Updated

France's interior minister called Tuesday for a lawmaker to be "severely punished" after a journalist recorded him allegedly saying Hitler may not have killed enough Roma.

Gilles Bourdouleix, an MP and mayor of the western town of Cholet, reportedly muttered the words on Sunday as he confronted members of the travelling community who had illegally set up camp, according to a recording posted on the site of regional daily Courrier de l'Ouest.

"Maybe Hitler did not kill enough," Bourdouleix is heard saying after the Roma had reportedly given him the Nazi salute.

Bourdouleix, who is a member of the lower house National Assembly with the centrist UDI party, said his comments were taken out of context and alleged the recording was tampered with.

Confrontations between French authorities and Roma -- nomadic people widely known as gypsies who were killed in their hundreds of thousands by the Nazis -- erupt frequently.

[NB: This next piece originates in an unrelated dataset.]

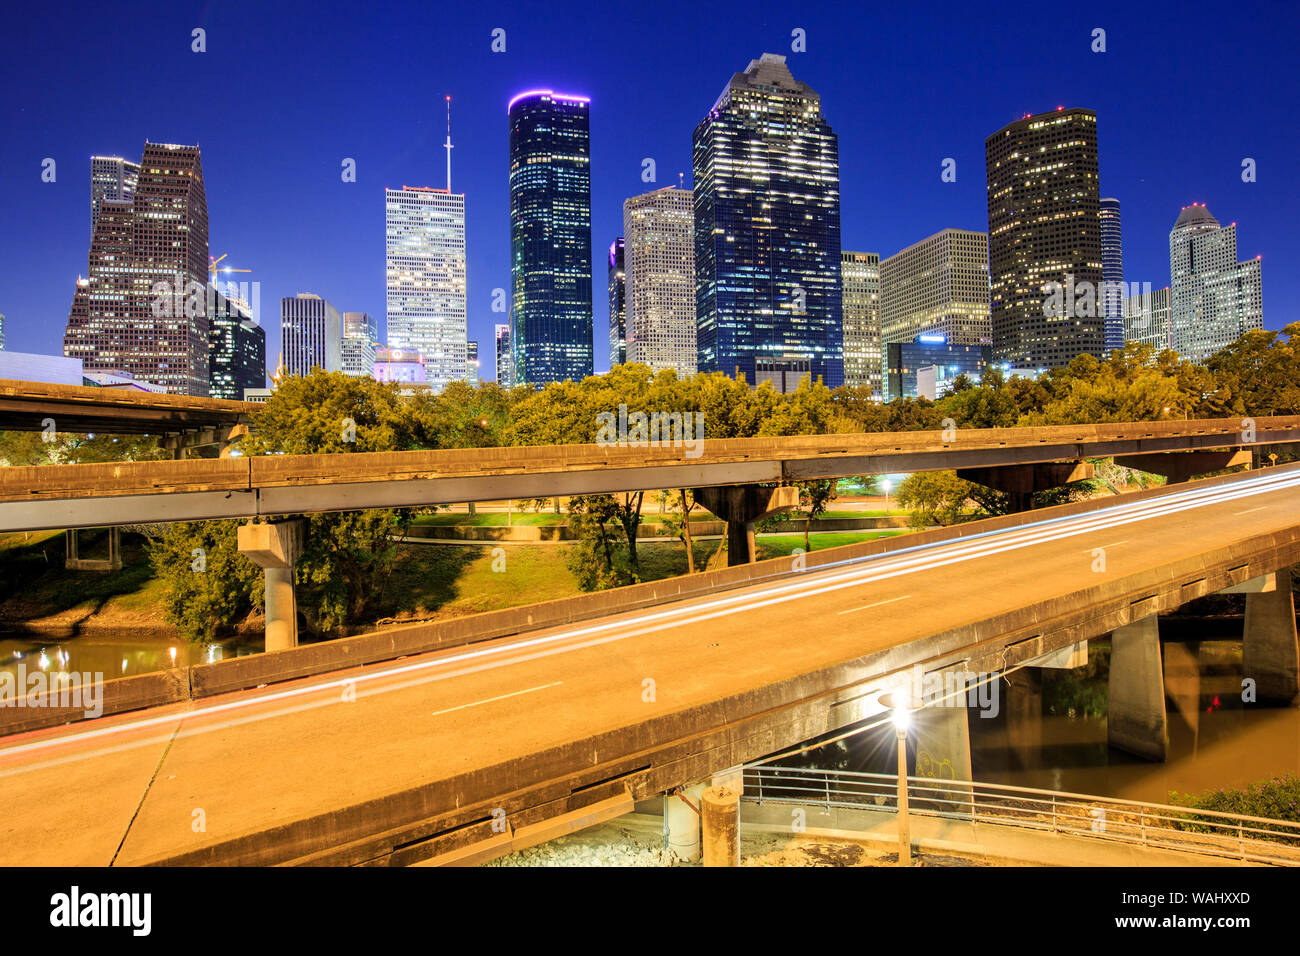 https://c8.alamy.com/comp/WAHXXD/view-of-downtown-houston-city-texas-in-a-beautiful-day-at-night-WAHXXD.jpg

Bourdouleix's comments have caused an uproar. Interior Minister Manuel Valls described them Tuesday as "unacceptable" and called for the lawmaker to be "very severely punished by law".

"These comments are a defence of crimes committed in the Second World War, a defence of Nazism and coming from a mayor, from a member of parliament, it's completely intolerable," he said on TV channel i-TELE.

The case has already been referred to public prosecutors who will examine whether his comments constitute a "defence of crimes against humanity", said authorities in Maine-et-Loire, the department where Cholet is located.

Bourdouleix also risks being kicked out of his UDI party, whose executive committee meets on Wednesday.

The lawmaker has vociferously defended himself, telling AFP on Monday that his comments had been taken out of context and pointing to "cuts" in the recording, which he alleges was tampered with.

France has a policy of systematically dismantling illegal camps and repatriating Roma of Bulgarian and Romanian nationality -- the legality of which has been questioned by the European Union, the United Nations' human rights arm and other watchdogs.

The European Association for the Defence of Human Rights says almost 12,000 Roma were evicted from camps across France last year, 80 percent of them forcibly.

A French law stipulates that every town of more than 5,000 inhabitants must set up sites able to house members of the travelling community -- be they Roma, circus performers or fun fair organisers.

In Cholet, authorities say the site devoted to travellers was temporarily closed due to works, adding the Roma had moved on since Sunday's incident. It is unclear what nationality they were.

The Roma, a nomadic people whose ancestors left India centuries ago, have long suffered from discrimination.

They were killed in their hundreds of thousands by the Nazis during the Second World War, alongside Jews and homosexuals.